** Opening COLLECTED DATA block **

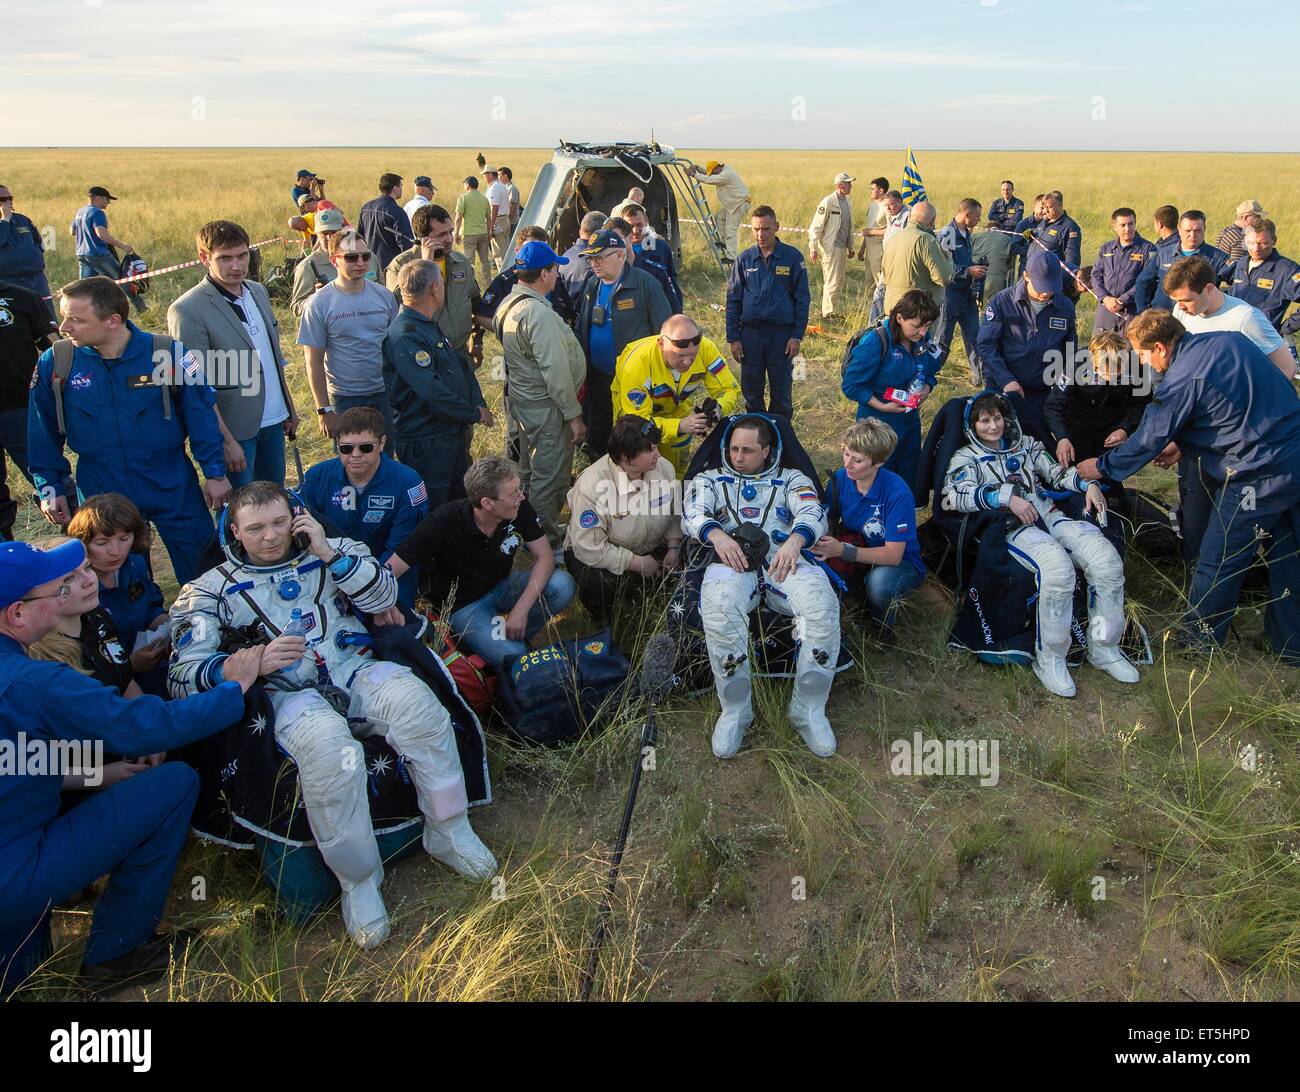 International Space Station Expedition 43 crew members commander Terry Virts of NASA and Cosmonaut Anton Shkaplerov of Roscosmos and Italian astronaut Samantha Cristoforetti from European Space Agency sit in chairs outside the Soyuz TMA-15M spacecraft just minutes after they landed in a remote area June 11, 2015 near Zhezkazgan, Kazakhstan. The crew is returning after more than six months onboard the International Space Station. Stock Photo
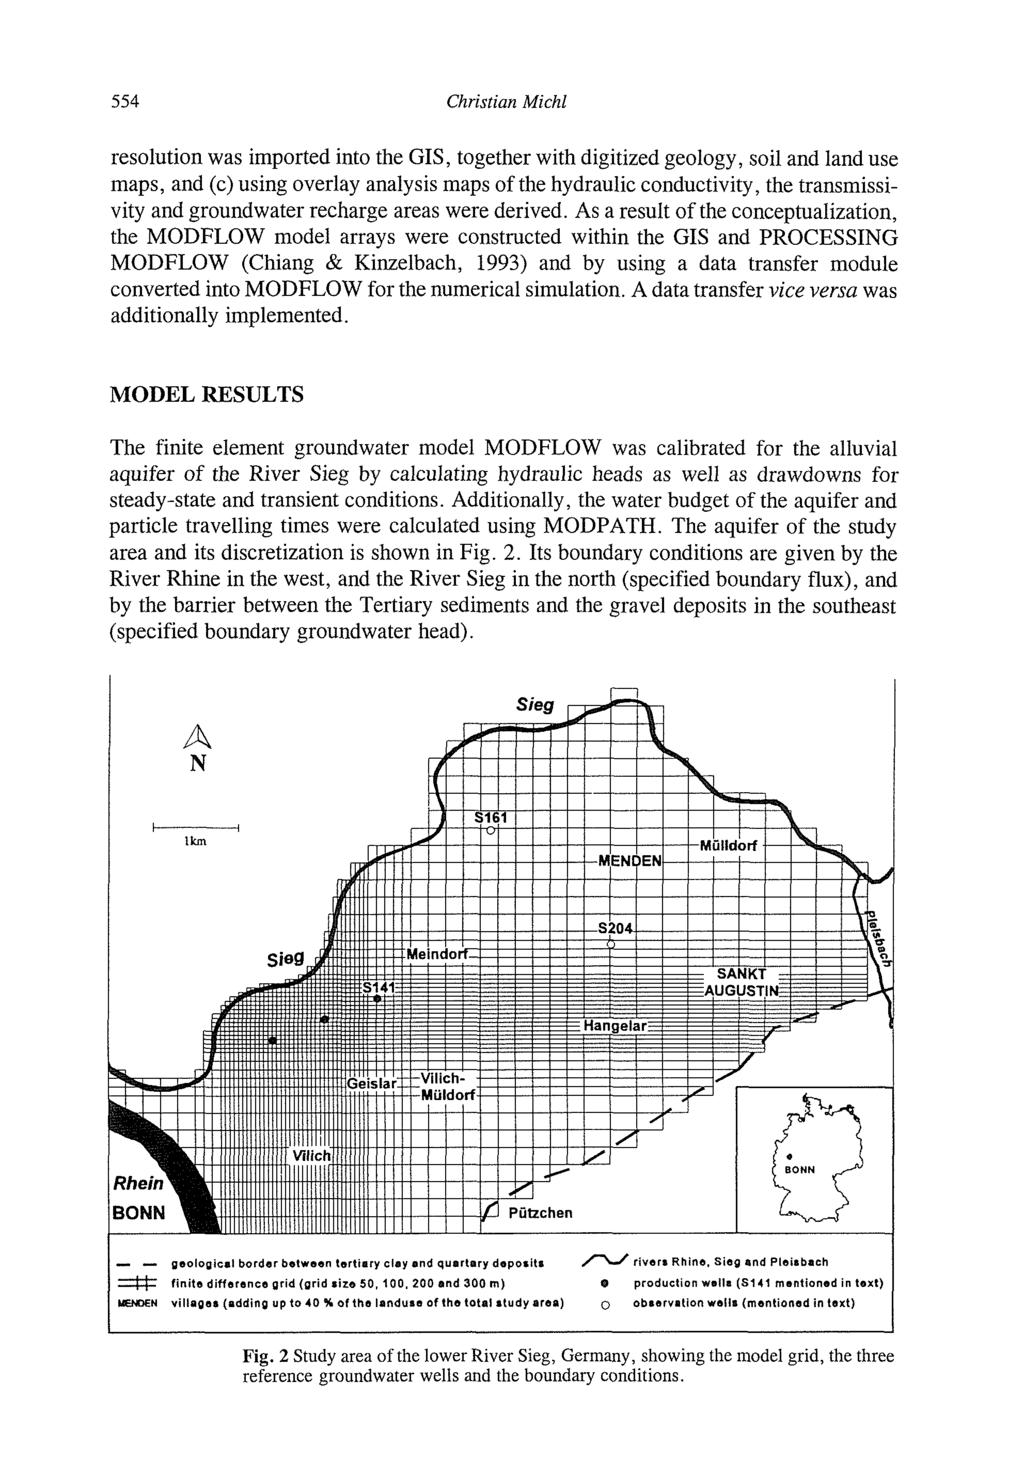 554 Christian Michl resolution was imported into the GIS, together with digitized geology, soil and land use maps, and (c) using overlay analysis maps of the hydraulic conductivity, the
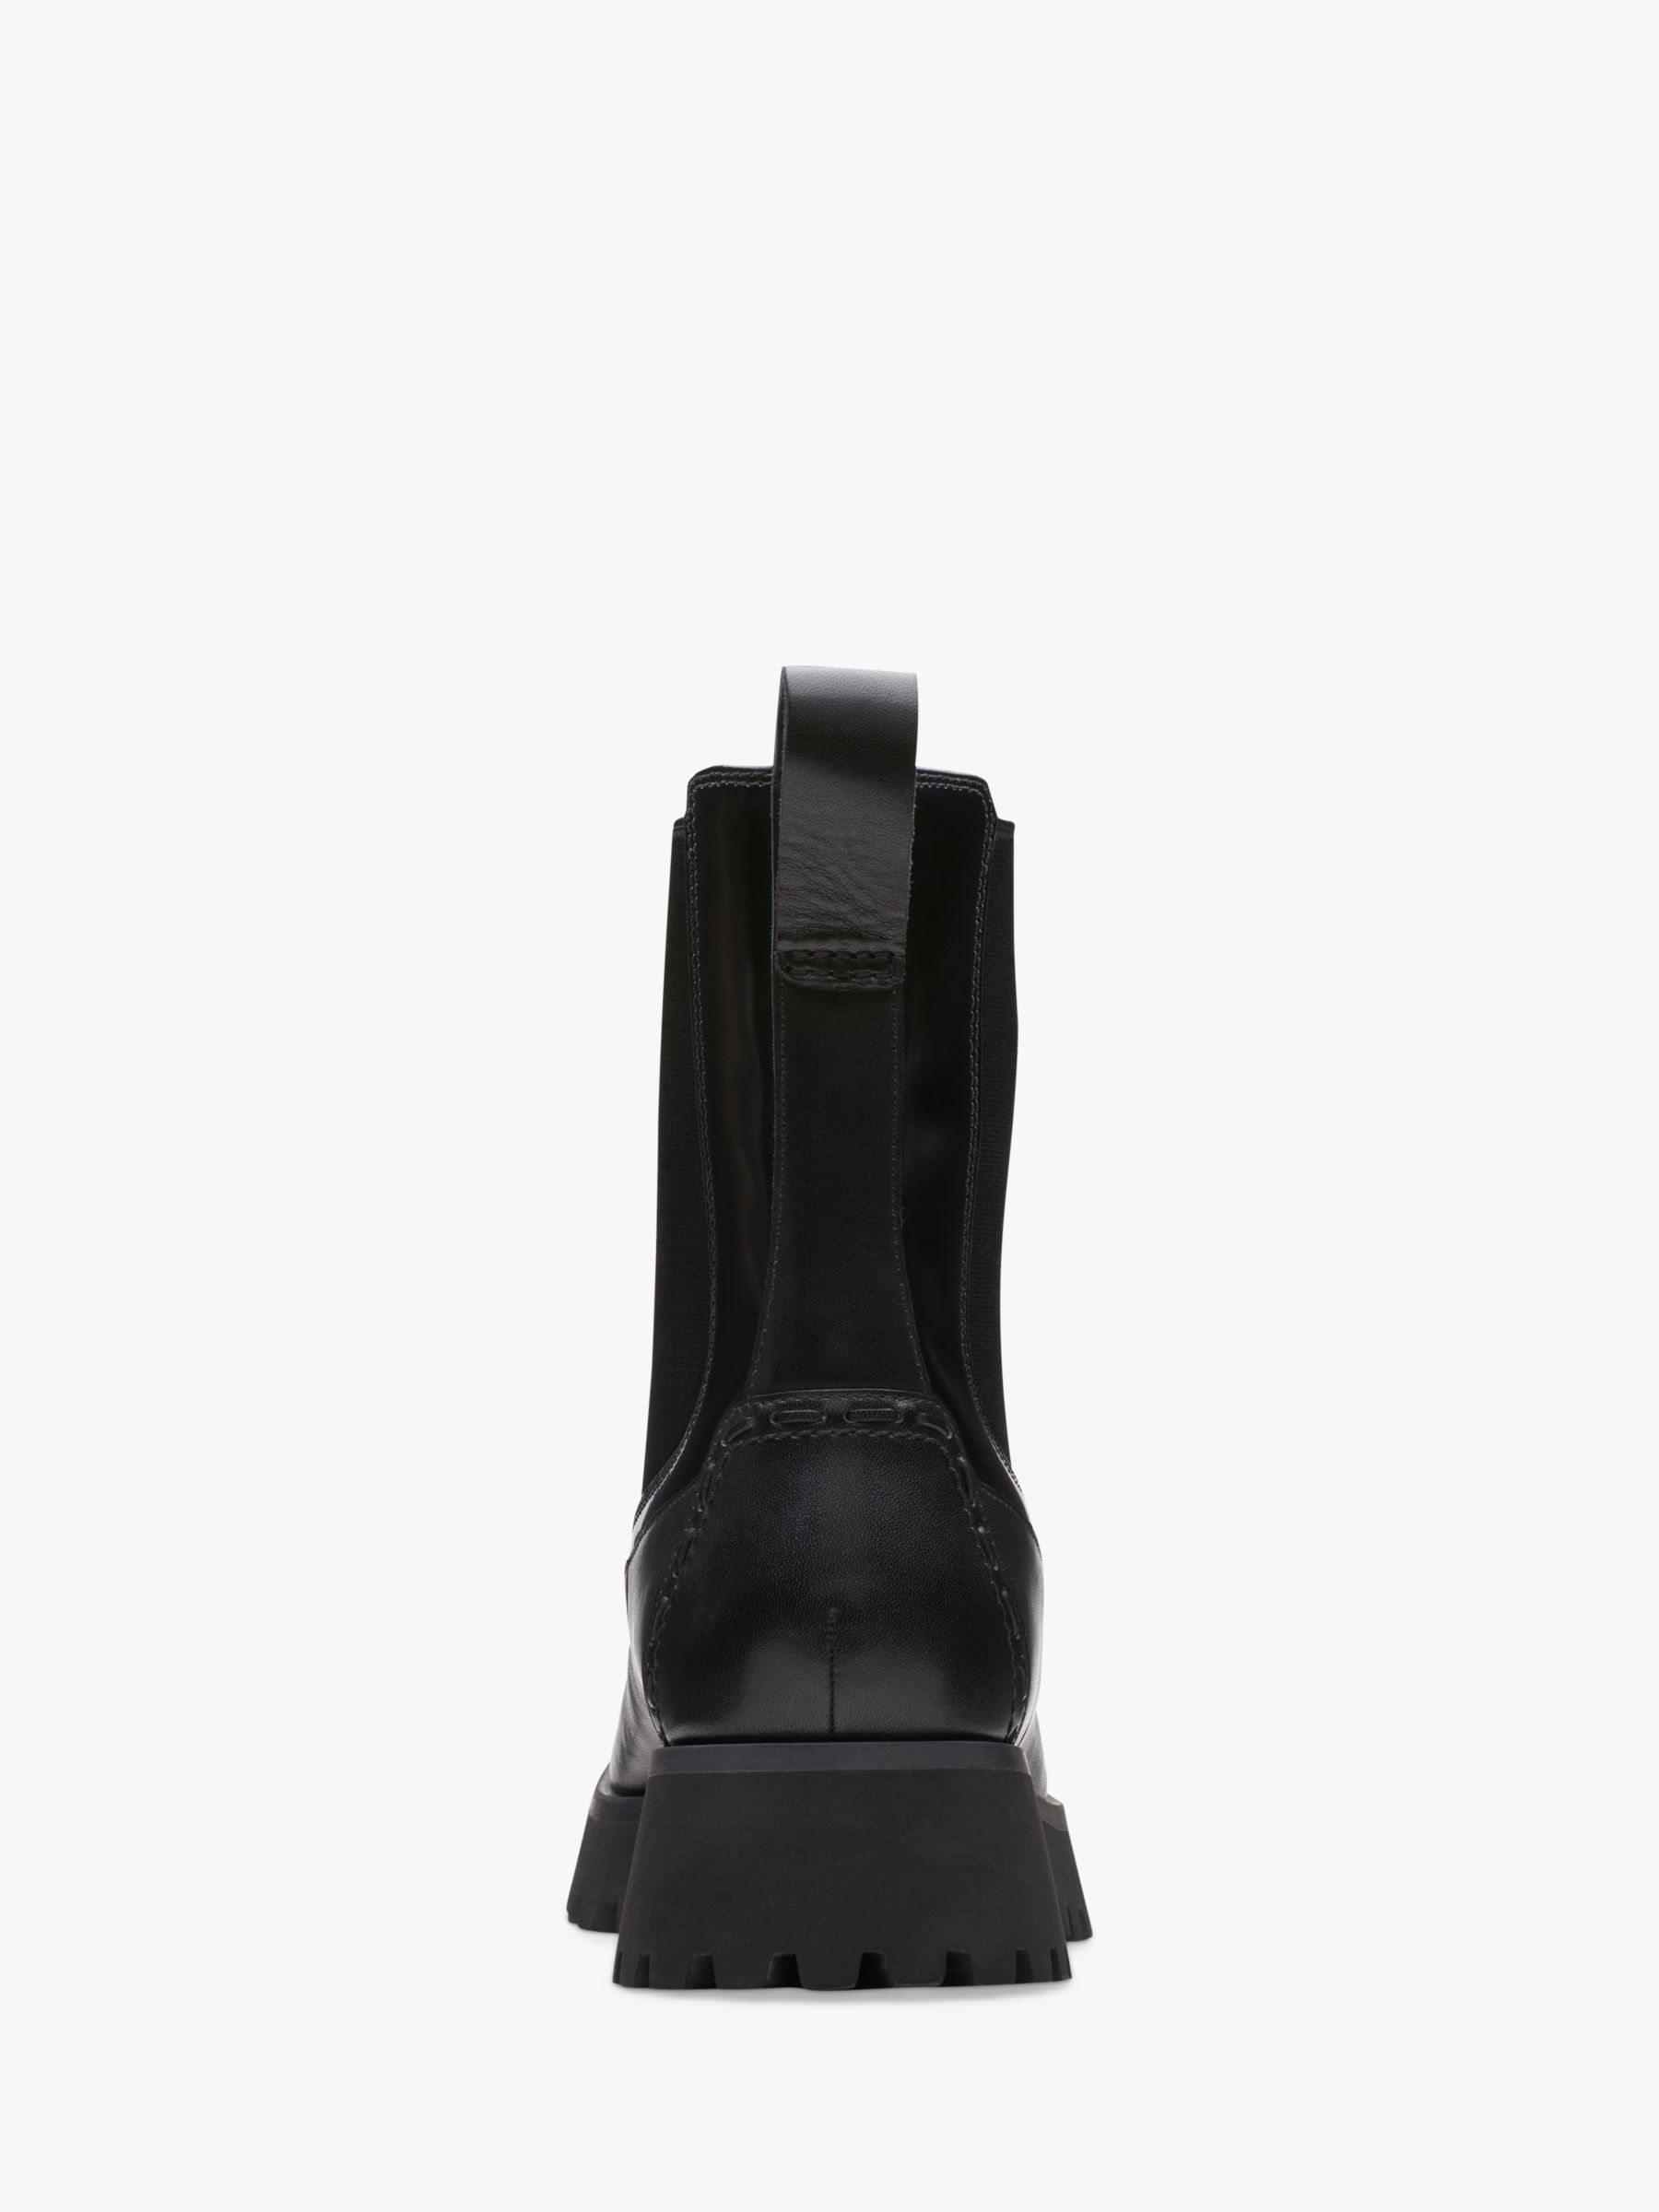 Clarks Stayso Rise Leather Chelsea Boots, Black at John Lewis & Partners

** Closing COLLECTED DATA block **

WHAT NEEDS TO BE DONE:
Print out all the material above exactly as it appears, omitting the images.

SOLUTION TO THIS PROBLEM:
 International Space Station Expedition 43 crew members commander Terry Virts of NASA and Cosmonaut Anton Shkaplerov of Roscosmos and Italian astronaut Samantha Cristoforetti from European Space Agency sit in chairs outside the Soyuz TMA-15M spacecraft just minutes after they landed in a remote area June 11, 2015 near Zhezkazgan, Kazakhstan. The crew is returning after more than six months onboard the International Space Station. Stock Photo
 554 Christian Michl resolution was imported into the GIS, together with digitized geology, soil and land use maps, and (c) using overlay analysis maps of the hydraulic conductivity, the
 Clarks Stayso Rise Leather Chelsea Boots, Black at John Lewis & Partners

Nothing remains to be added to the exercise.